#### Supplied data:
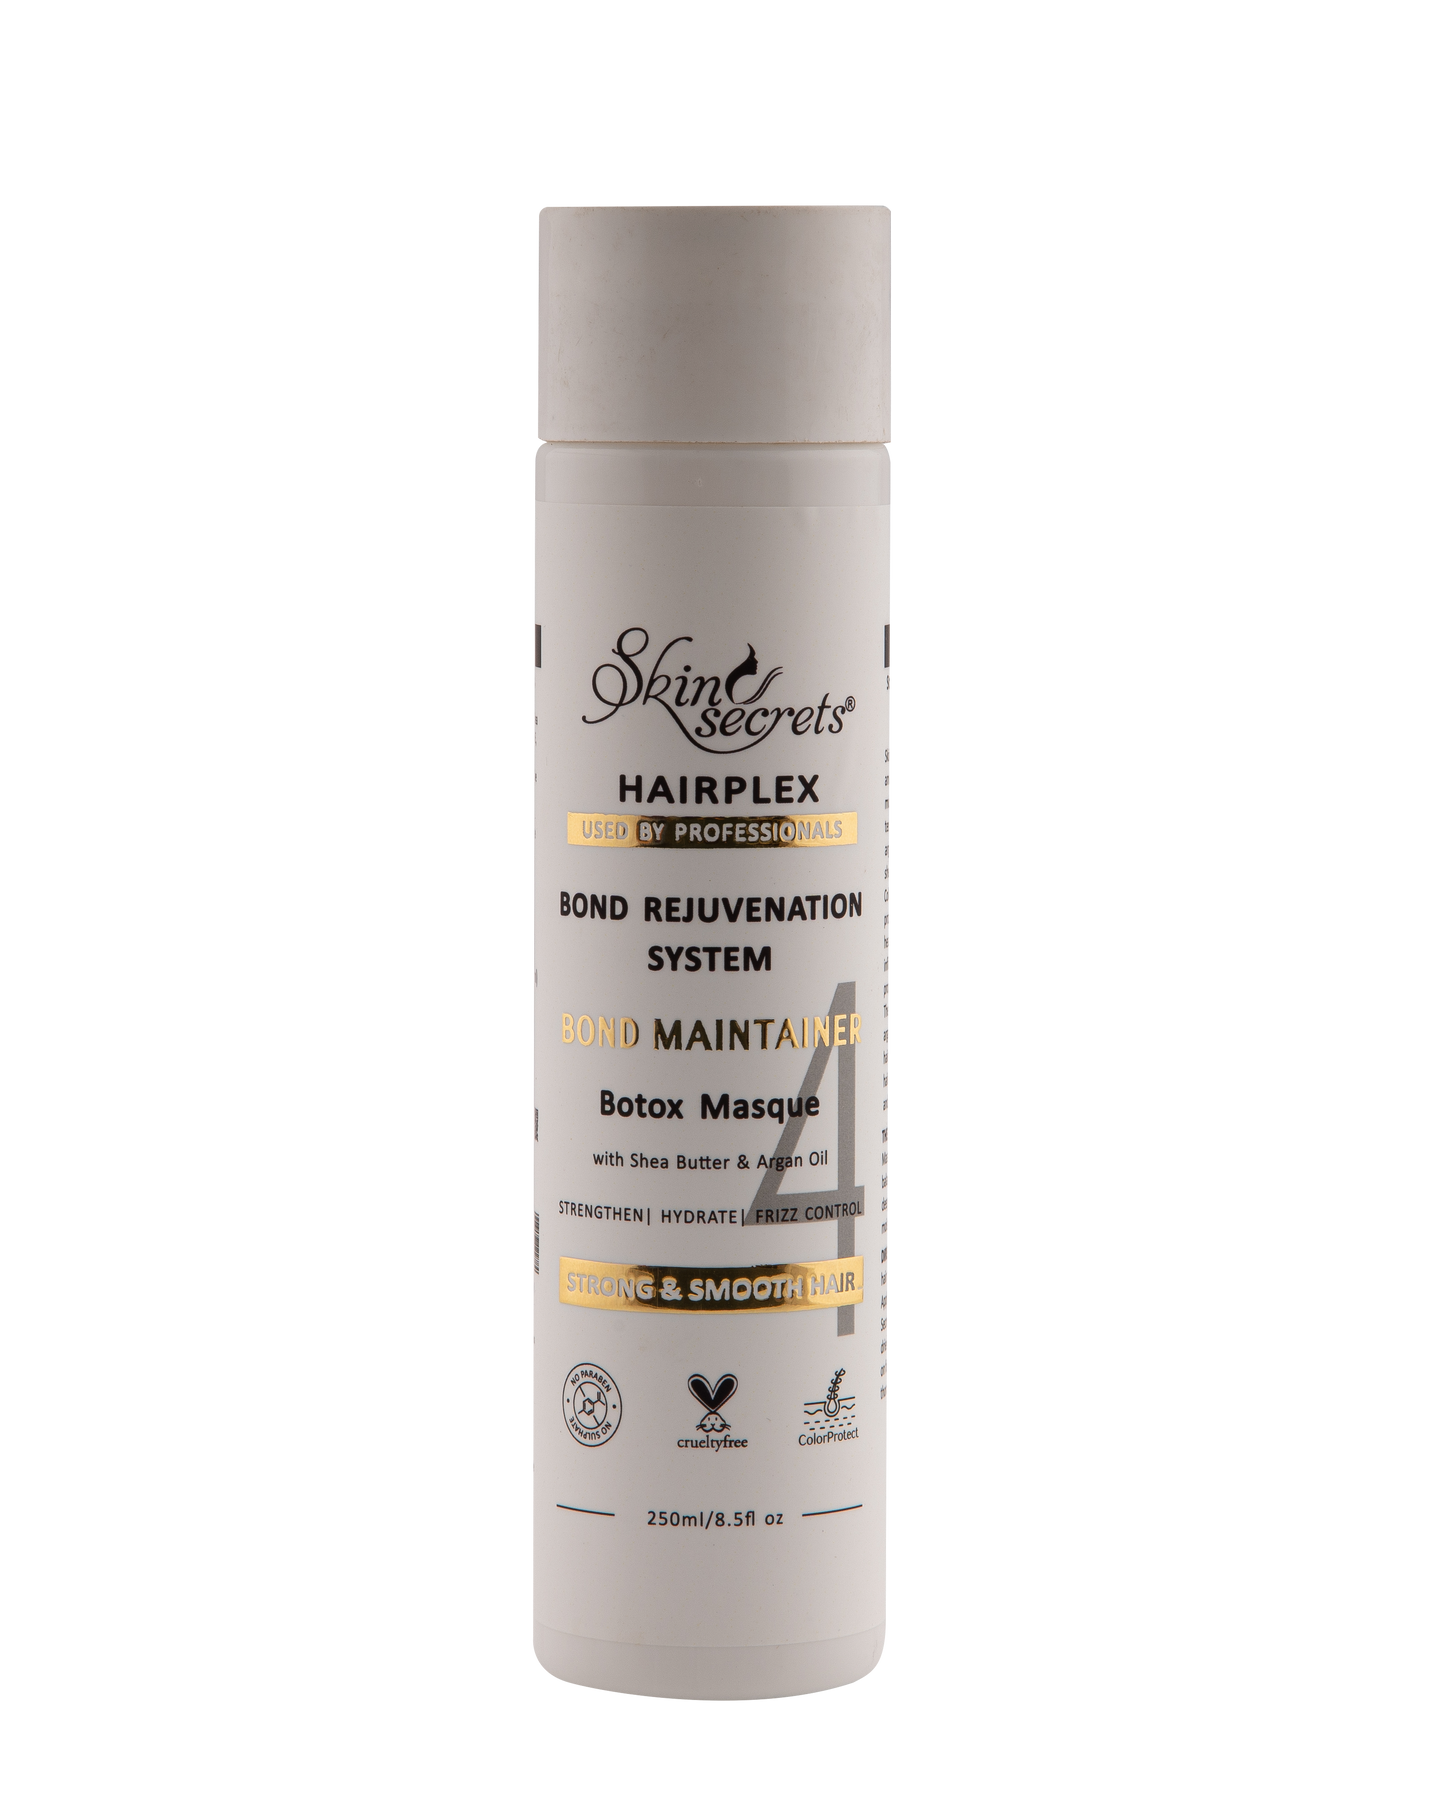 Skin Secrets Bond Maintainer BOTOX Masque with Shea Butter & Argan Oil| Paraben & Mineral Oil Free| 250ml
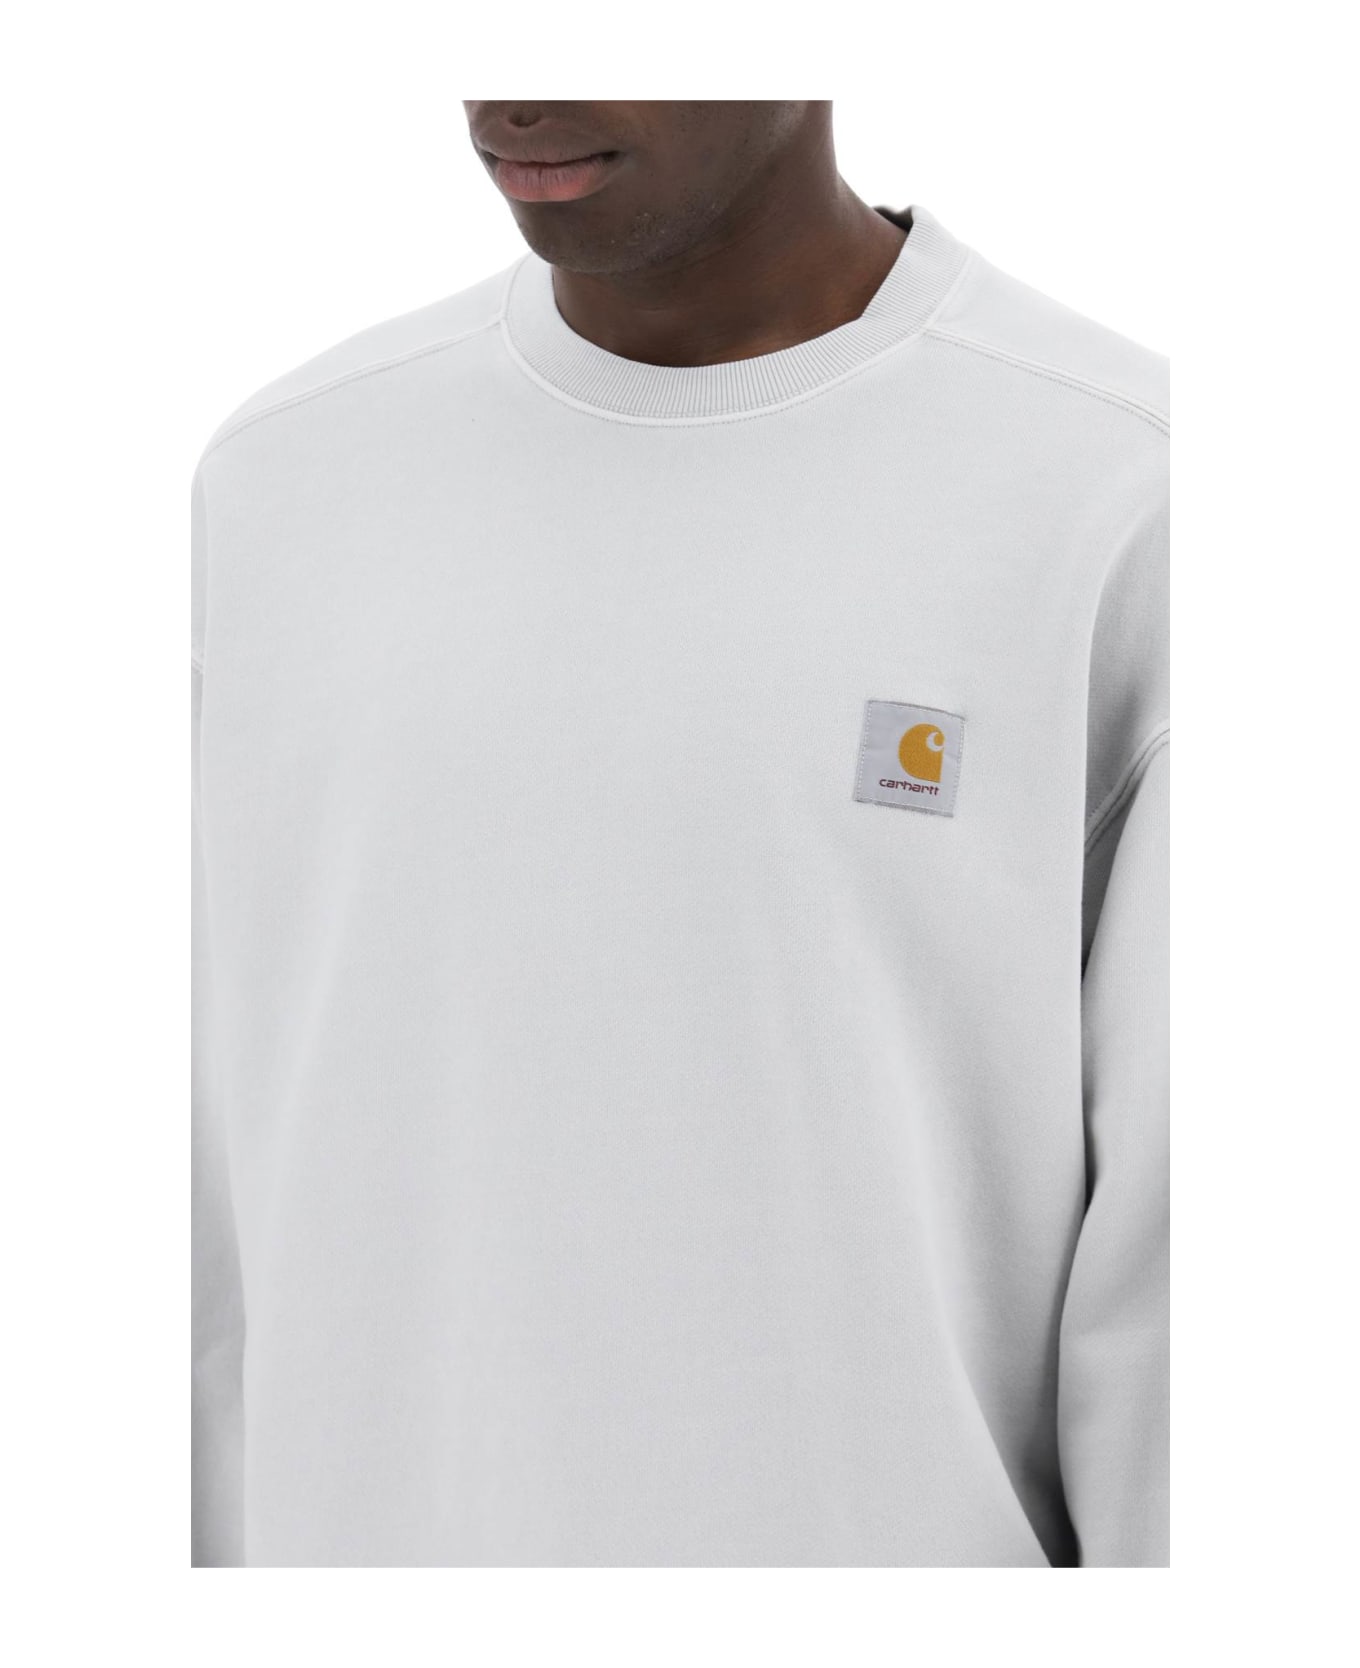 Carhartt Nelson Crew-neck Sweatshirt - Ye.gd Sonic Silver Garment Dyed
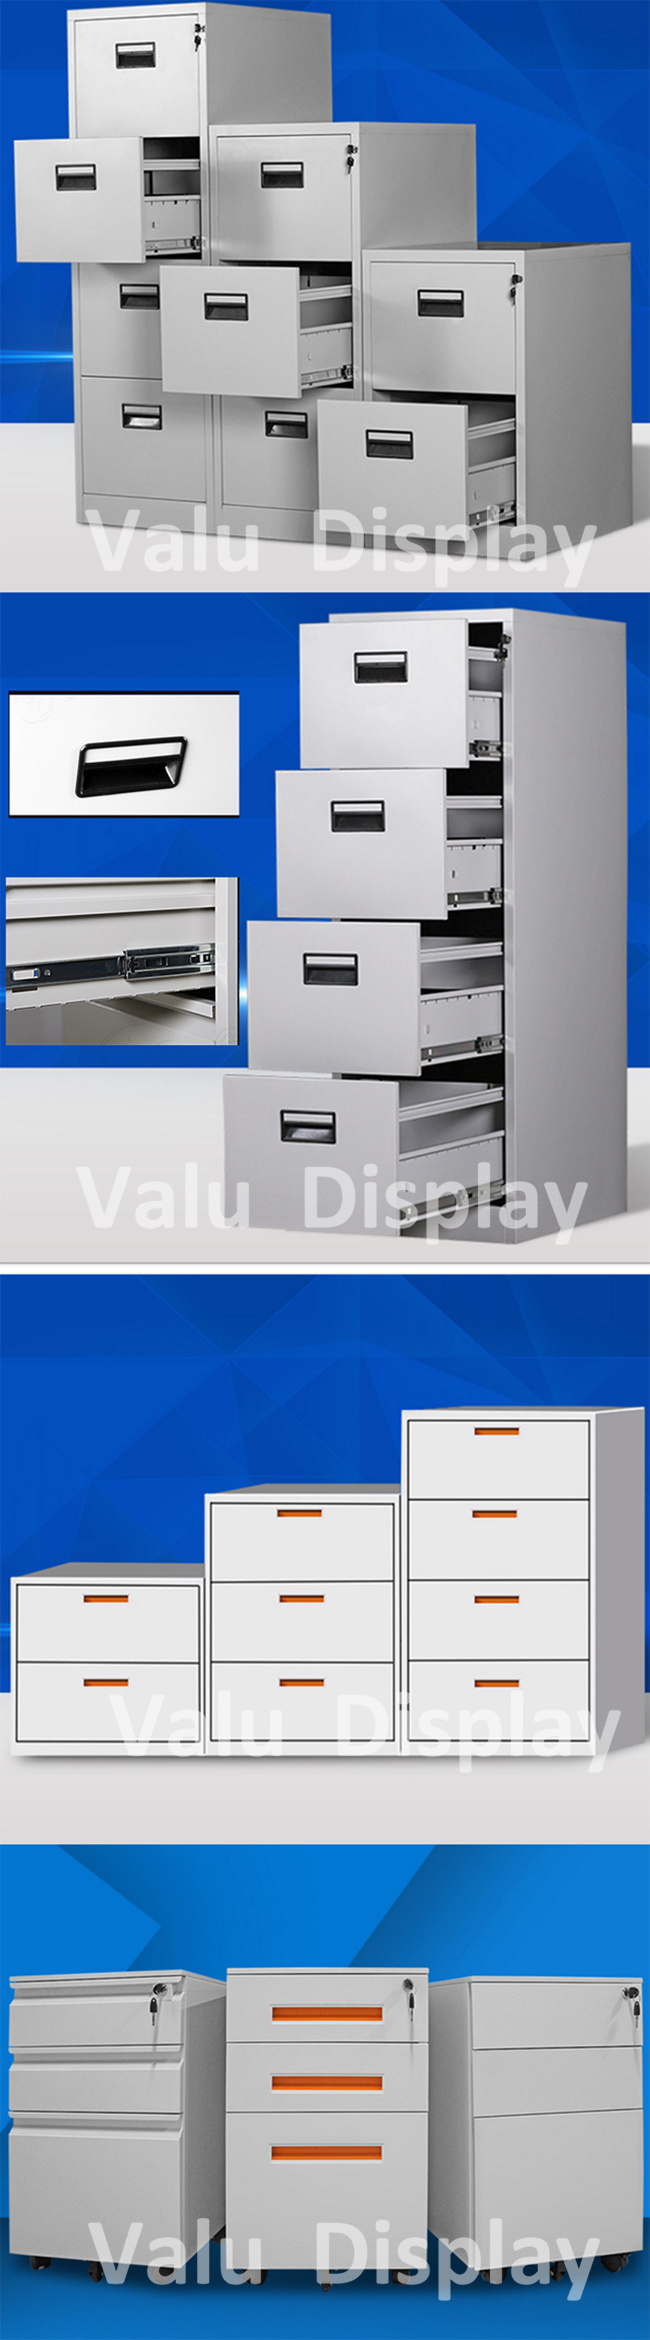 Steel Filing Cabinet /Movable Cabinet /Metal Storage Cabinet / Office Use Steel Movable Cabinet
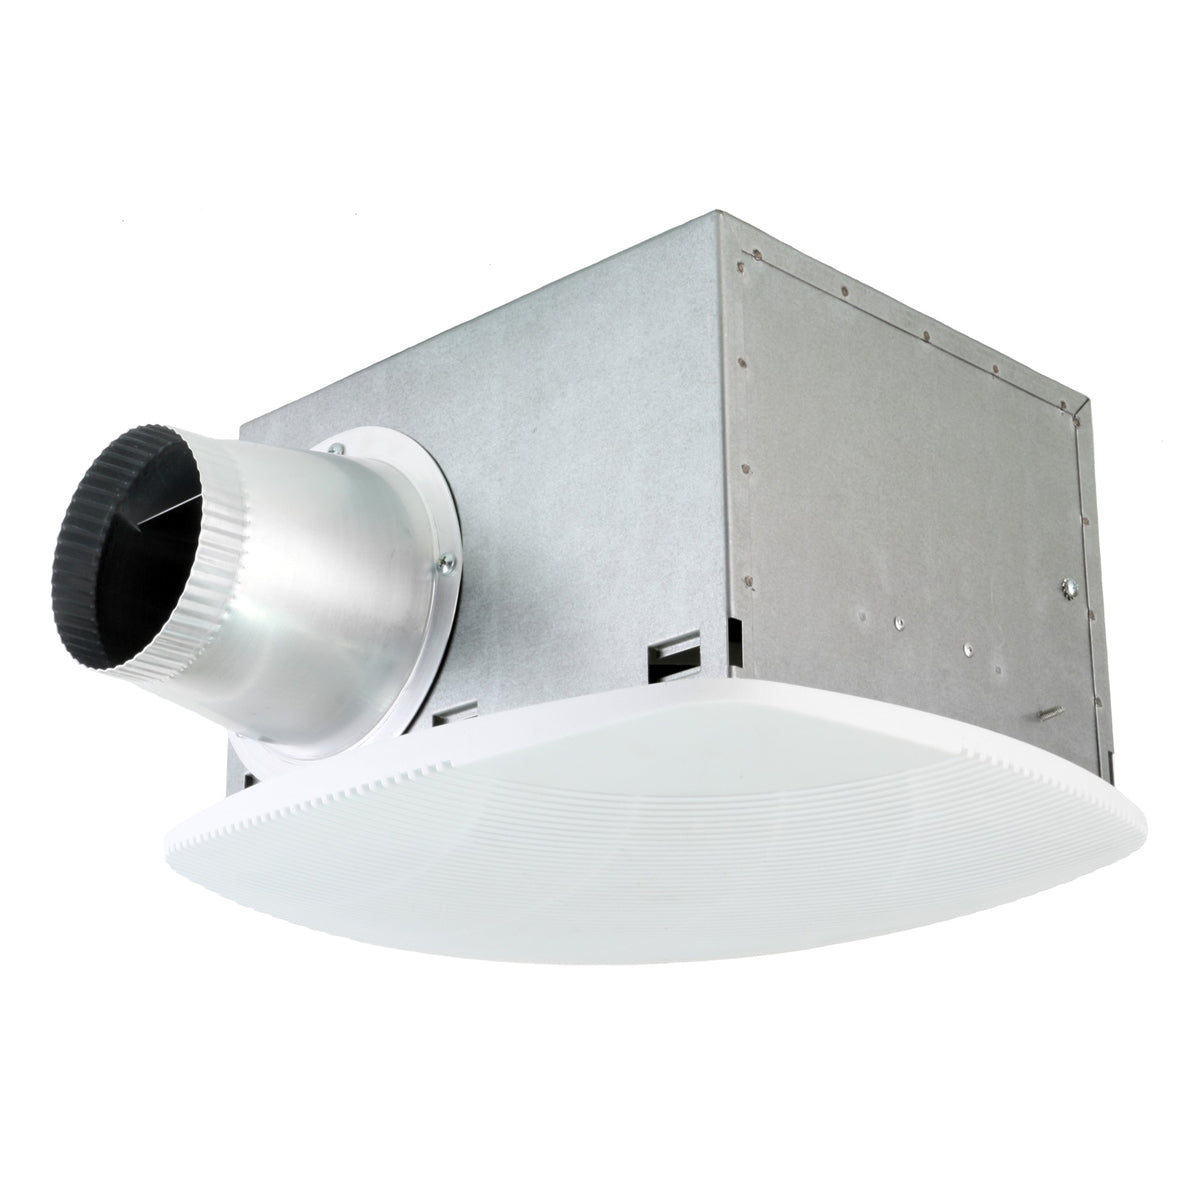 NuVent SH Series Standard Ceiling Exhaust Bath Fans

#### Exercise:
Give again, word for word, the lines above from the one with "Steel Filing Cabinet" through the final line of the data, both ends included. Do not copy any picture.

#### Result below:
 Steel Filing Cabinet /Movable Cabinet /Metal Storage Cabinet / Office Use Steel Movable Cabinet
 NuVent SH Series Standard Ceiling Exhaust Bath Fans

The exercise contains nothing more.